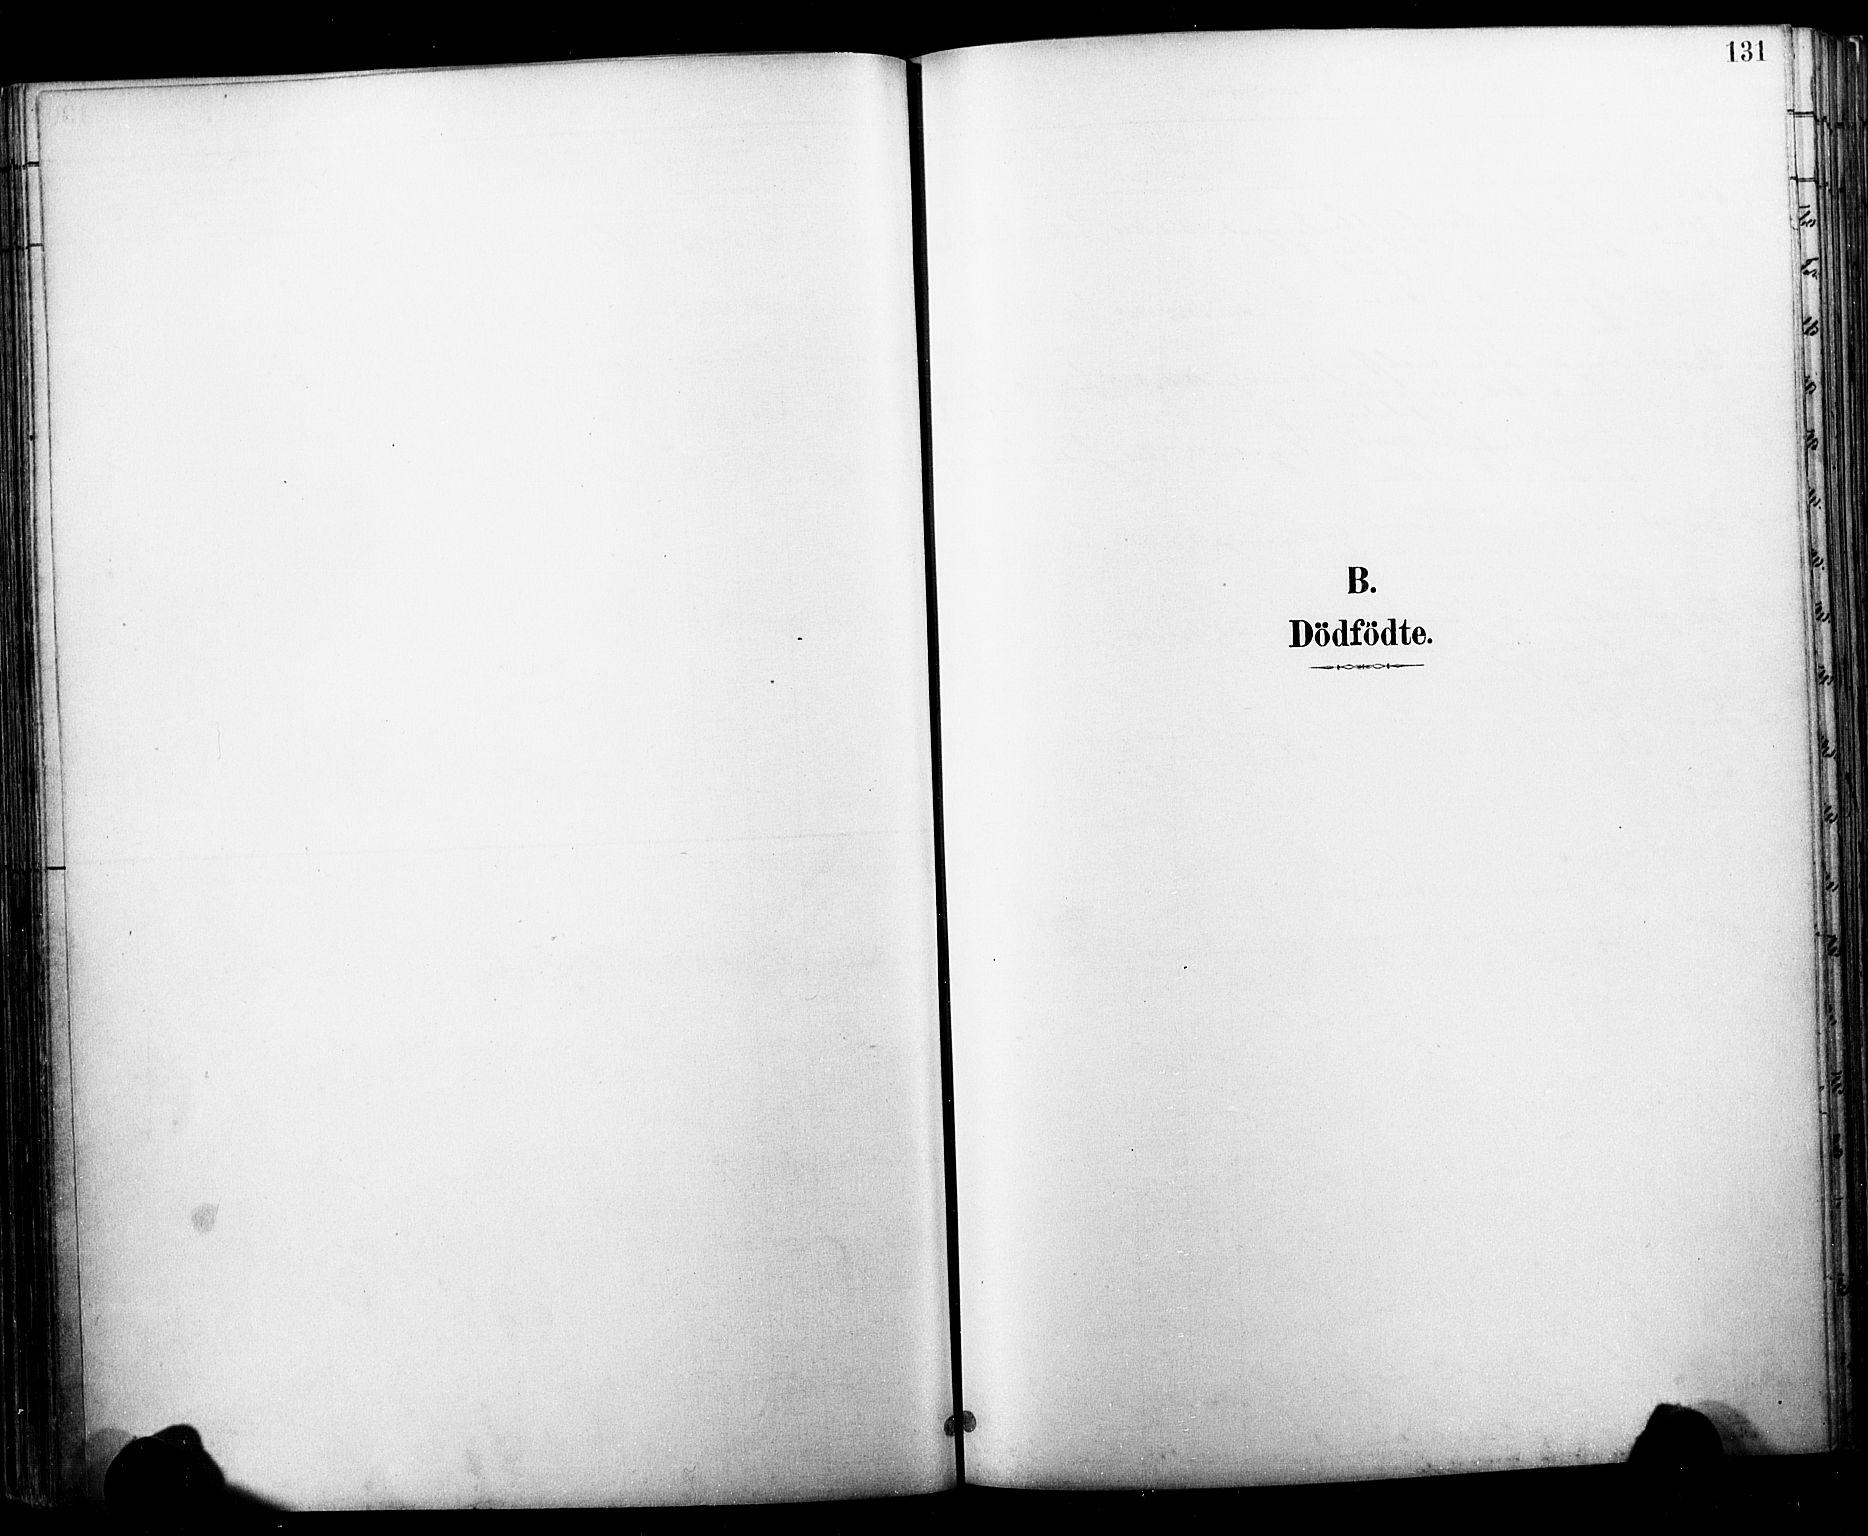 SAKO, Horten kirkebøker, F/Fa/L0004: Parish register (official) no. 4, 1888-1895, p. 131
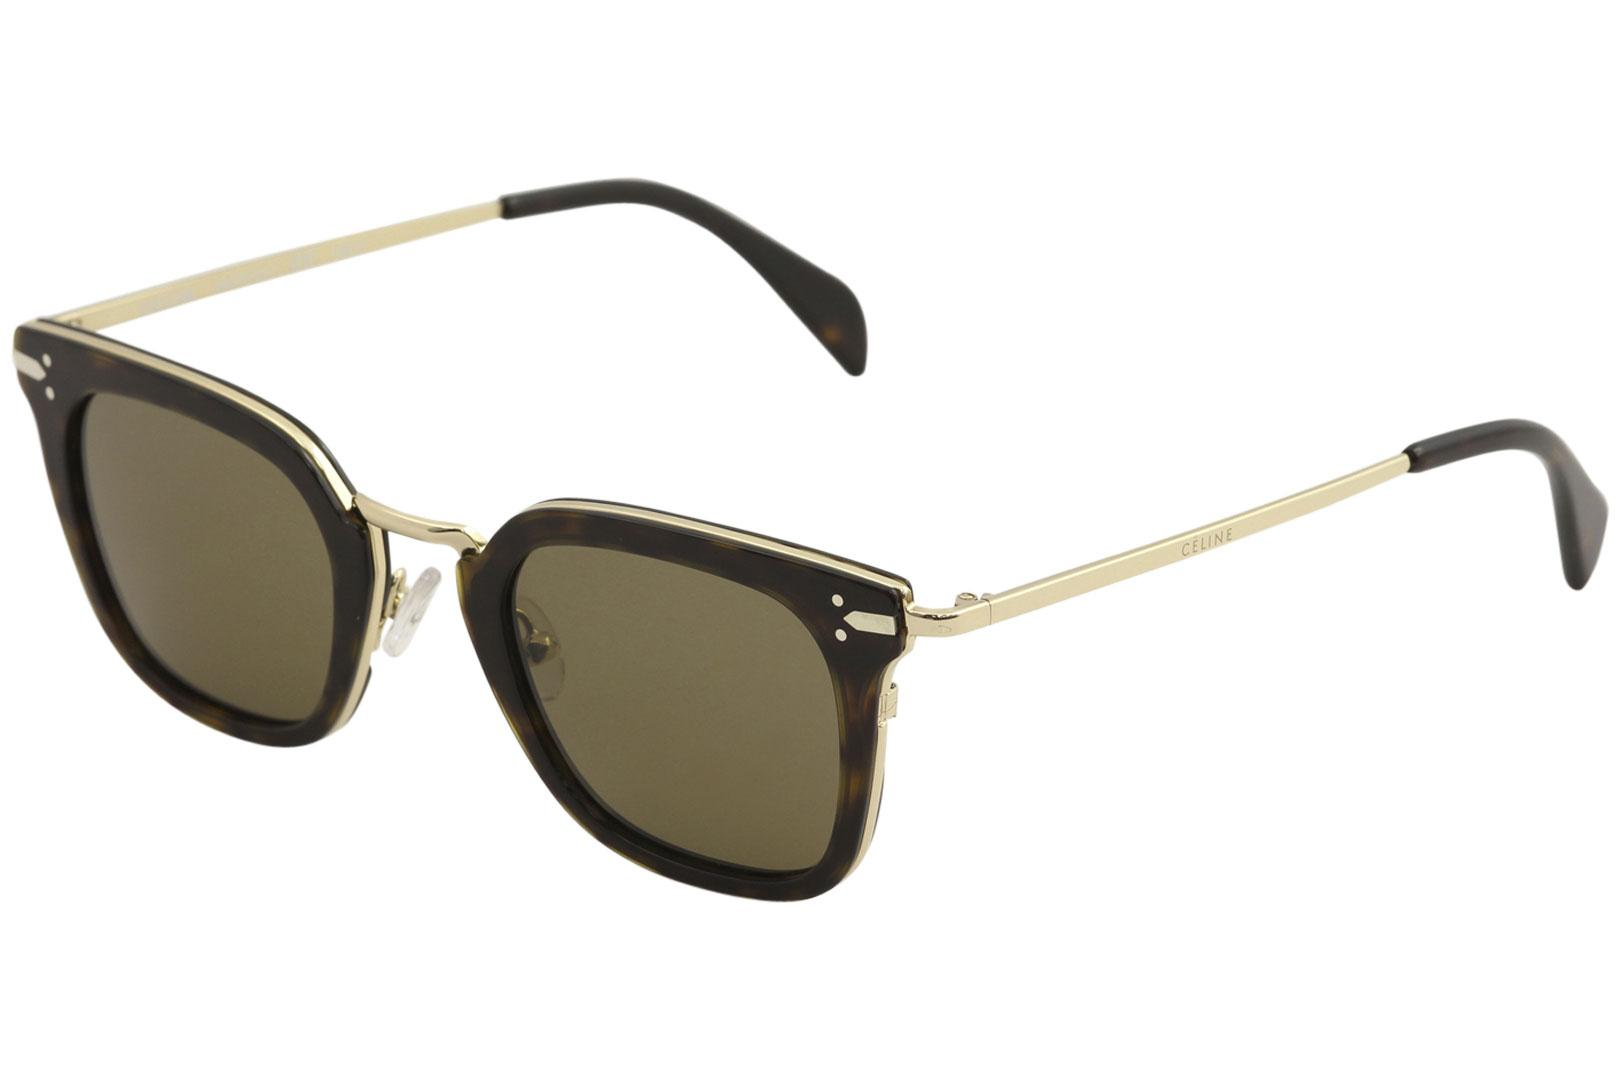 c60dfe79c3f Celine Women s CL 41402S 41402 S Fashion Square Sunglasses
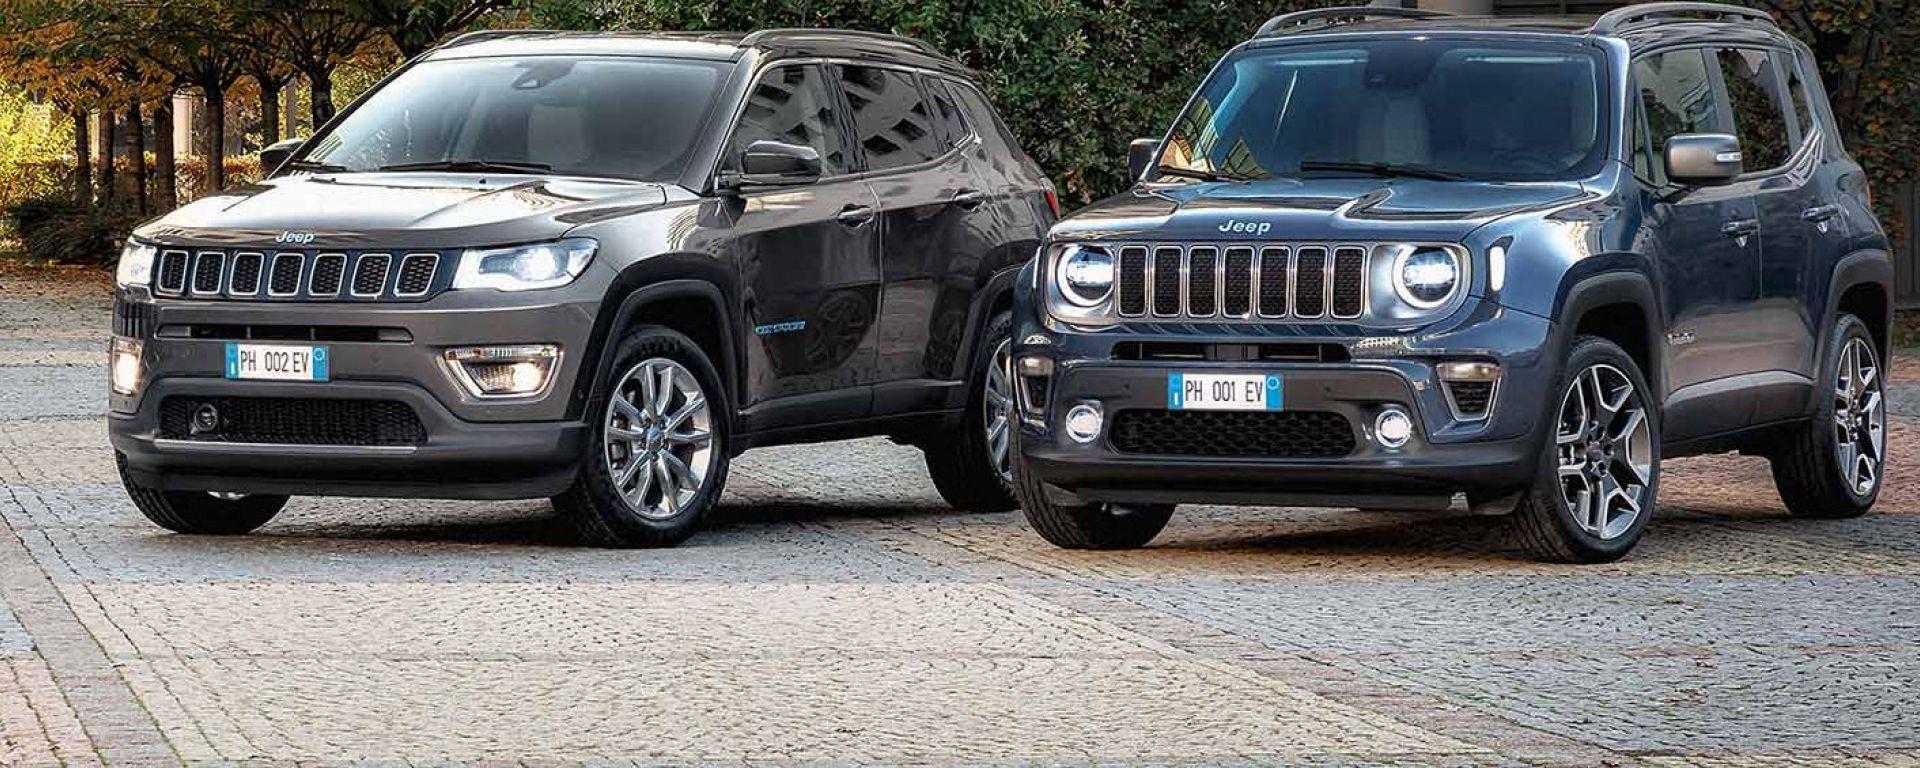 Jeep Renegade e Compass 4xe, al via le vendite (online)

Assignment: Each line of the listing above should be retyped exactly, with no pictures.

Expected answer:
 SAKO, Horten kirkebøker, F/Fa/L0004: Parish register (official) no. 4, 1888-1895, p. 131
 c60dfe79c3f Celine Women s CL 41402S 41402 S Fashion Square Sunglasses
 Jeep Renegade e Compass 4xe, al via le vendite (online)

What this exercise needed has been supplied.